Ну, герой наш эту руку и отсек не раздумывая, с маху – как тот Гордиев узел. Тут же склепал дельце политическое насчет того, что сын Пармениона, Филот, заговор на жизнь родного царя готовил (чего ни в каком помине и не было, потому как вместе они все пировали ежевечерне, так что тот Филот Македонца уж сто раз порешить мог бы).
А поскольку время было античное, и сын за отца еще отвечал (а равно и наоборот), царским своим указом велел Александр и Филота, и папу его, друга своего же сердечного, казнить. И казнили – не по-гречески люто, пытками истерзав до последнего момента.
Тут уже и прочие стали несдержанность проявлять. Старик Клит, Сашку на собственных коленях вынянчивший, стал как-то на пиру попрекать его, говоря, что уж на что папаша Филипп был негодяй (и немаленький, добавить бы надо), а вот на Александра Филипповича посмотреть, так и ностальгия обуревает по временам прошлого-то царствия. Александр – а хрен ли тут думать! – копье у охранника выхватил, да Клита прямо тут же и проткнул насквозь, раз, да другой, да третий (тоже ведь о характере говорит кое-что). Через минуту, правда, остыл маленько, увидел, чье тело изувеченное на полу лежит – и в истерику. По полу стал кататься, выть, раны на теле Клита целовать, меч было выхватил, чтобы с собой покончить. Но тут Каллисфен–философ, тоже один из друзей ближайших, его спас. Меч отнял, в кровать уложил. И утешал всю ночь, как дитя малое.

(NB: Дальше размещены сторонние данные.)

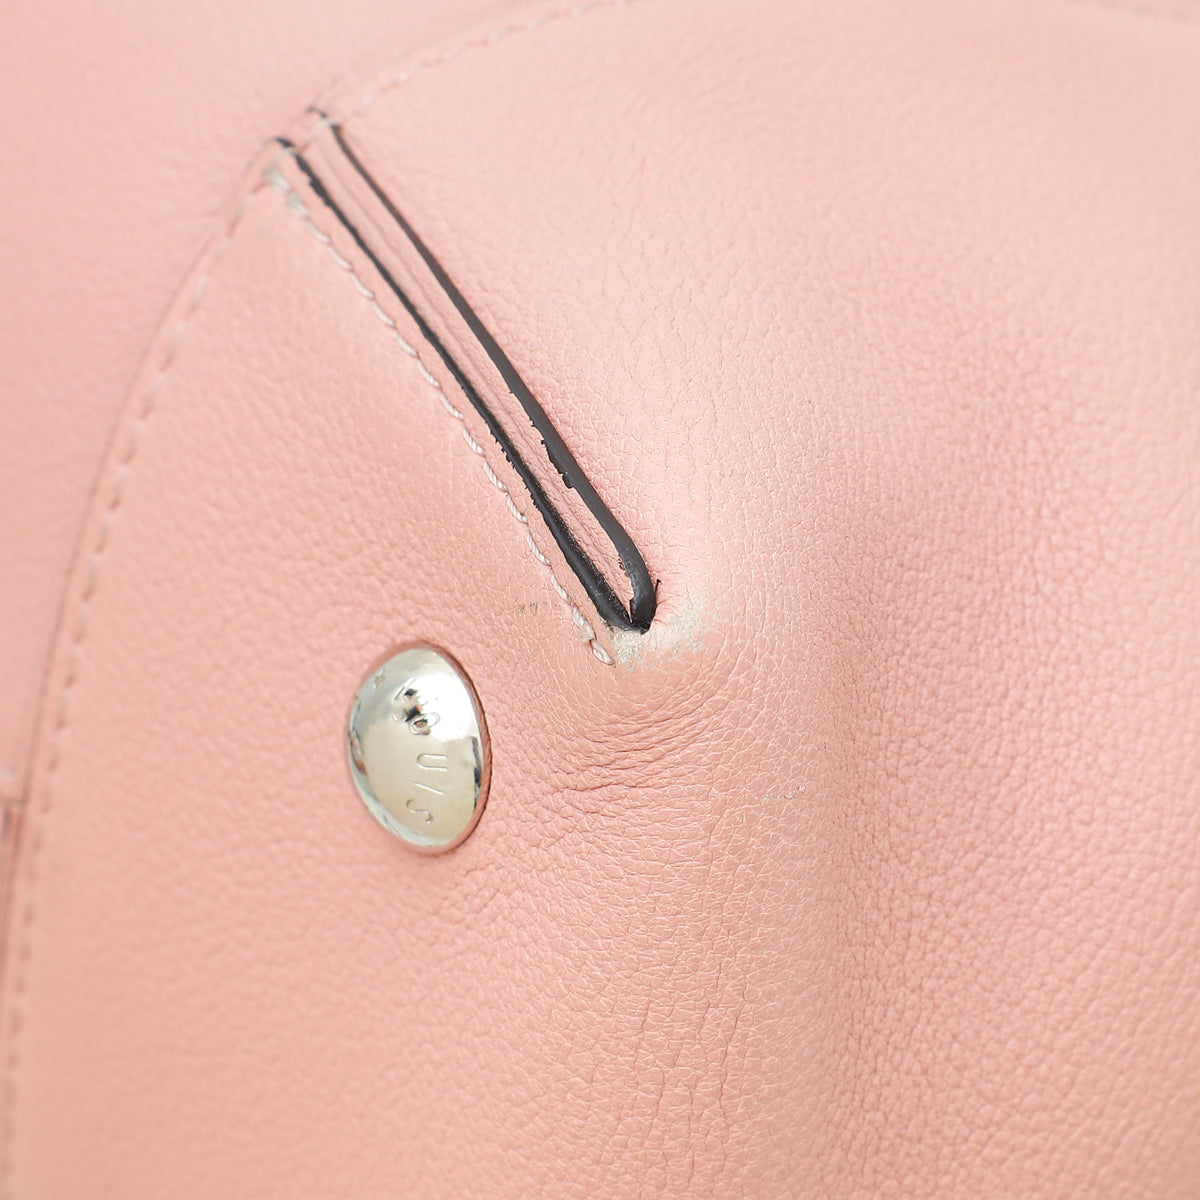 Louis Vuitton Python Trim Pink Leather Soft Lockit MM

И не раз и не два еще утешал. Потому что стали по ночам являться Саше и Клит, и Парменион, и многие другие прочие, безжалостно им казненные. Не единожды Александр и к мечу тянулся, чтобы конец этой муке положить, да верный Каллисфен всегда начеку был, спасая каждый раз для истории любимого ее героя.
А потом Македонец в себя пришел несколько, опять в парче да в золоте стал за воротник закладывать, снова почувствовав прелесть скромных плотских утех – да и вернулся к той же не дававшей ему покоя идее проскинесиса. И так он решил это дело обстряпать, чтобы мысль сия как бы вовсе и не от него исходила, а народ как бы сам таковское предложение внес.